I have Meniere’s Disease. It is easy for folks to forget that as the disease is “invisible”. Amazingly, I sometimes forget I have it myself. So that is just embarrassing! GRIN. Meniere’s disease manifests itself in individuals in a variety of ways. The disease lacks specific symptoms and triggers that are true of everyone. The disease varies person to person. For myself, the weather tends to be a very specific trigger for me. If pressure systems come into the area that include heavy rains or even high humidity, I know that I will have a “bad balance day”. If that day is simply the beginning of a string of similar weather days, I can be so off-balance by day 3 or 4, that I practically have to CRAWL up and down steps. It’s rather embarrassing to crawl when you are 45 – believe me!
Here in Maryland, we have had a significant amount of sunny, low-humidity days. As a result, my balance has been pretty good. Yesterday, I did laundry and actually jogged up and down the steps WITH a laundry basket. Yet I forget sometimes that in spite of my having few visible symptoms, I still HAVE Meniere’s disease even on bright sunny days.

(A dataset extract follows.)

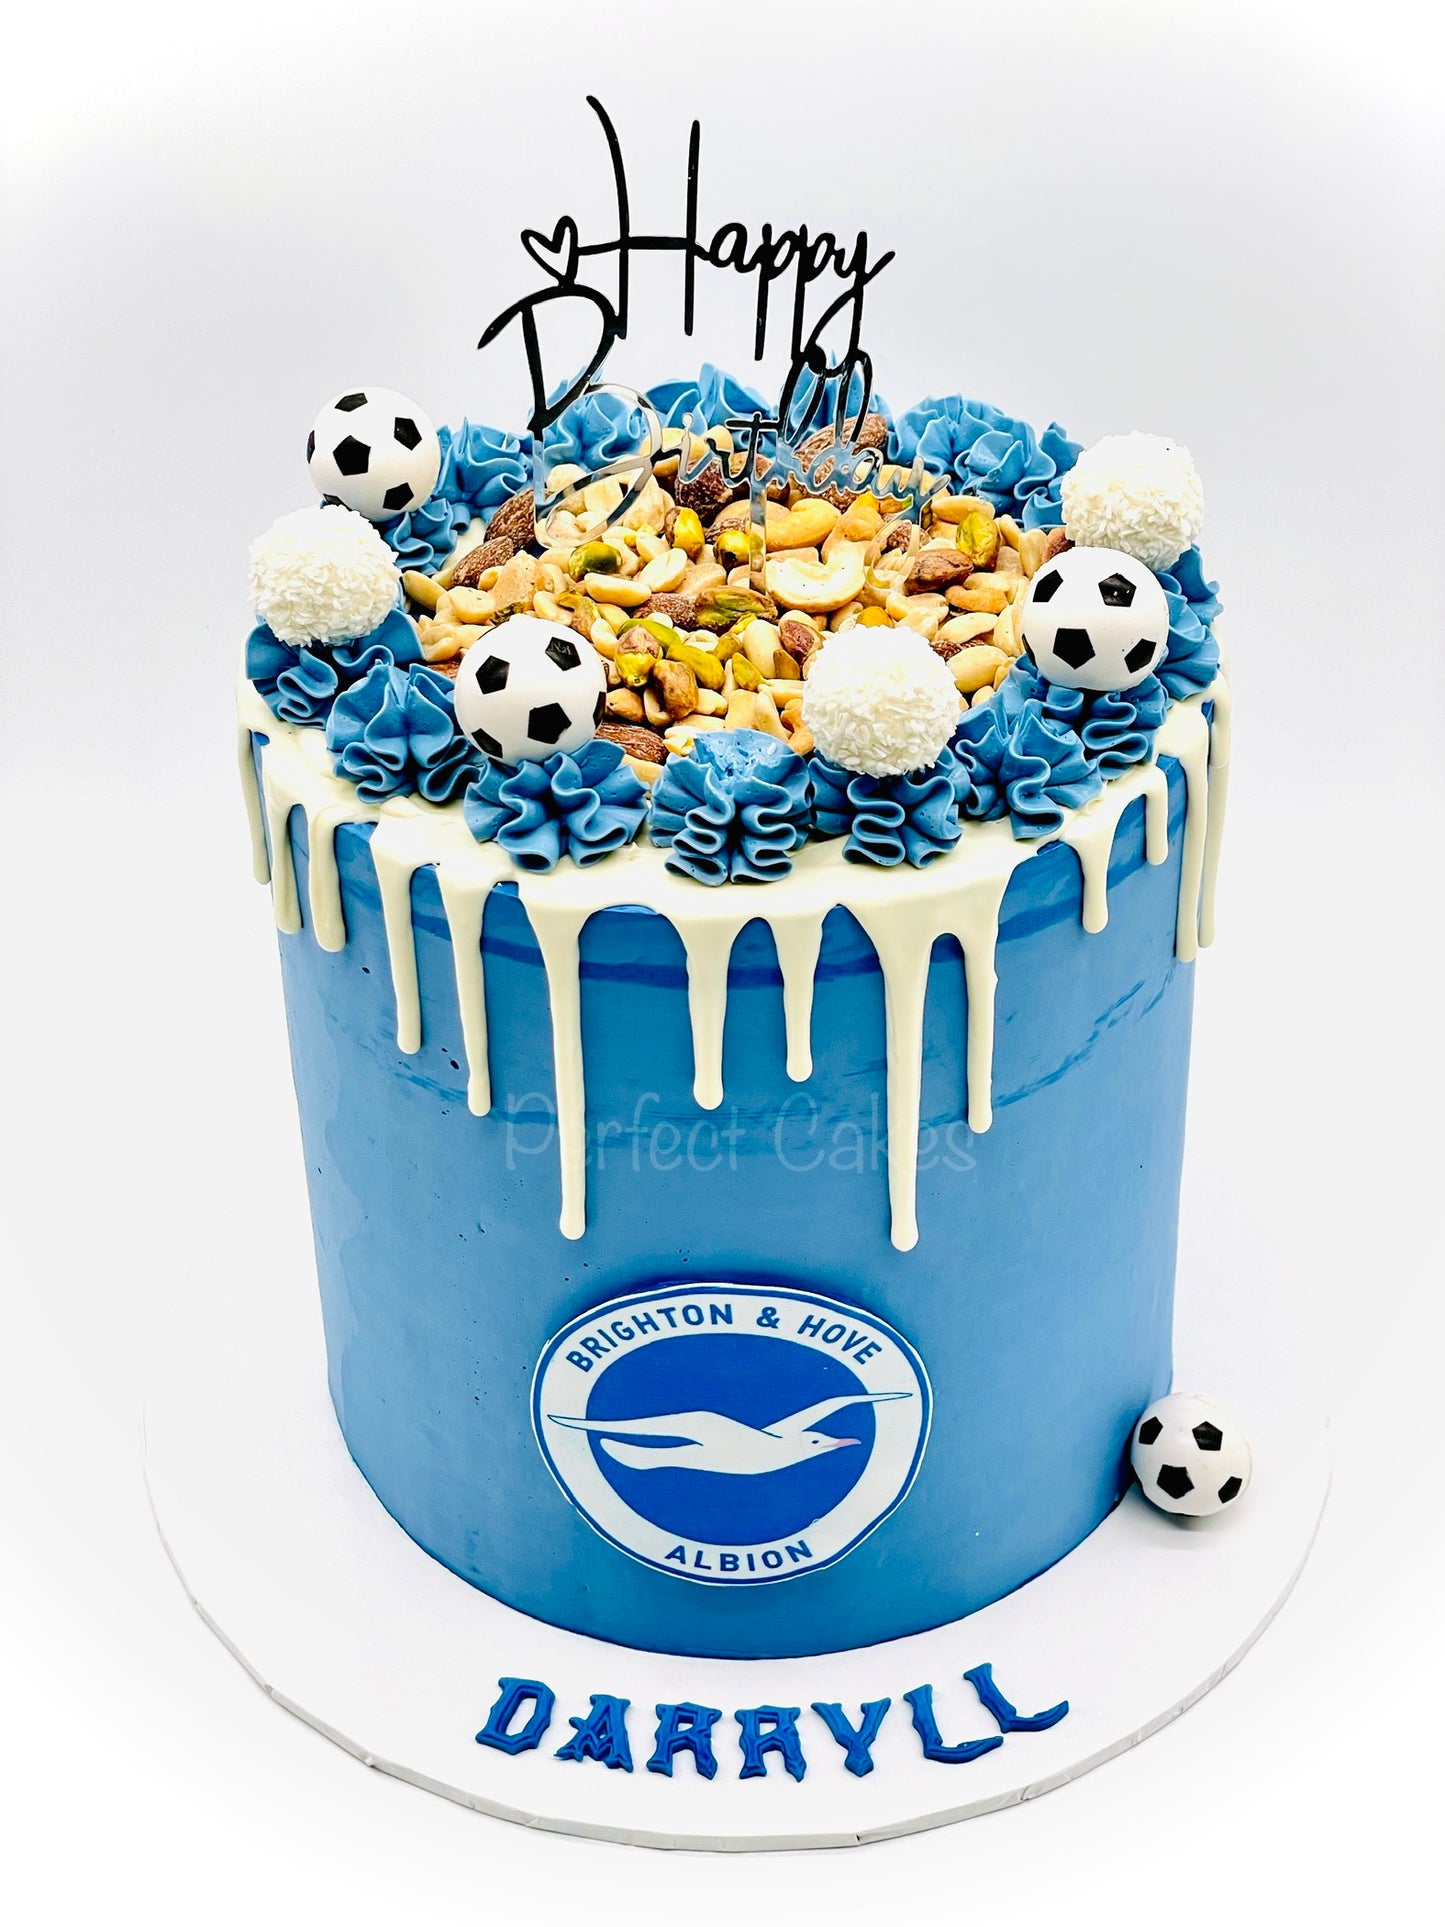 Football Soccer Theme Cake

Chloe does a number of things for me, only some of which are hearing alerts (what she was originally trained for at Fidos For Freedom). Chloe has also been trained to help me with a number of “balance assist” tasks which are very helpful on days I am experiencing Meniere’s disease symptoms. As a matter of fact, there are weeks that Chloe actually does more balance work for me than she does hearing alerts. One thing we have taught her to do is to “roll” her own blanket. I carry a blanket that is HERS. The blanket goes to every place I teach. It smells like her and she knows it is her “safe place” to be unless I ask her to do something for me. I usually put it out of the way in the classroom, but where she can easily see me. The blanket and Chloe are usually within 4-5 feet of me at all times. Below is a video of Chloe “rolling” her blanket — she adjusts the carpet square to be high enough that I can easily reach it without having to bend past my limitations.
I get aggravated at family and close friends sometimes when they make suggestions for me to do something or try something that they KNOW I cannot do. It’s easy to forget certain things I cannot do because I don’t walk around with a sign on my shirt that says, “Beware of fall when bending!” You know what? Sometimes the person who forgets what I can and cannot do is – ME. You’d think I’d always be aware of the fact that I cannot bend to get something off the floor without paying the price. For me… bending far enough to retrieve something off the floor means that I lose consciousness for just a few seconds. Everything goes “black” in my vision, and my “hearing” (even with a cochlear implant) turns off. As soon as I stand back up, everything snaps back into focus. If I bend quickly, (for example to try and catch something as it is falling), I usually “join” the item on the floor… only I am sprawled out looking ungainly and mystified as to how I got there.
We’ve had beautiful weather here in Maryland lately. I need to remind myself on days like these that I still HAVE Meniere’s disease. In class this morning, I began gathering my things up to pack into my bag and exit the room. I dropped my roll sheet, so Chloe went over to pick it up and bring it to me (an automatic retrieve). As I was standing next to her pink blanket, I decided to save myself time and reached down to pick up her blanket. I lost my balance and my forehead crashed into the podium. After connecting with a wicked CRACK, the impact popped me back on my caboose. Thankfully, I didn’t lose consciousness. Chloe trotted over to me with the roll sheet and dropped it into my lap. She wagged her tail at me, nose 3 inches from my face.
“Hey Denise! Umm… why are you on the floor?” (Yup. I can read my assistance dog’s mind. Scary, huh?)
“Guess I should have had you roll your blanket, huh Chloe?”
Upon hearing “roll blanket”, she calmly rolled the end of the blanket and then tugged it over closer to where I sat.
I heard a student over my shoulder ask, “Ummm. Mrs. Portis? Are you OK? Was that your HEAD?”
I tried to chirp out in a manner that was convincing, “Oh sure! I’m fine, no problem!”
As I used Chloe in a stand/stay to get off the floor… I thought to myself one word – over and over again.
Harsh reminders are needed from time to time, if not for any other reason than to remind us of the consequences of forgetting our own limitations.
We need to remember our own limitations. As a person with hearing loss, it helps me to remember that I cannot hear well in really noisy, crowded areas. If I need to have a conversation with someone, it is better to ask them to step over to the side out of the “hub-bub” of noise if I need to talk to them. Failure to acknowledge what I cannot do well (hearing in noise) only results in that I will be frustrated and angry at my inability to understand the conversation. If I want to play with my dogs, I need to remember to sit on the floor in order to tug on toys, throw balls, and squeak stuffed animals at them. If I try to “play” standing, I am sure to take an unplanned nosedive.
Have you had some harsh reminders about your own invisible illness or disability? Some lessons are hard to learn!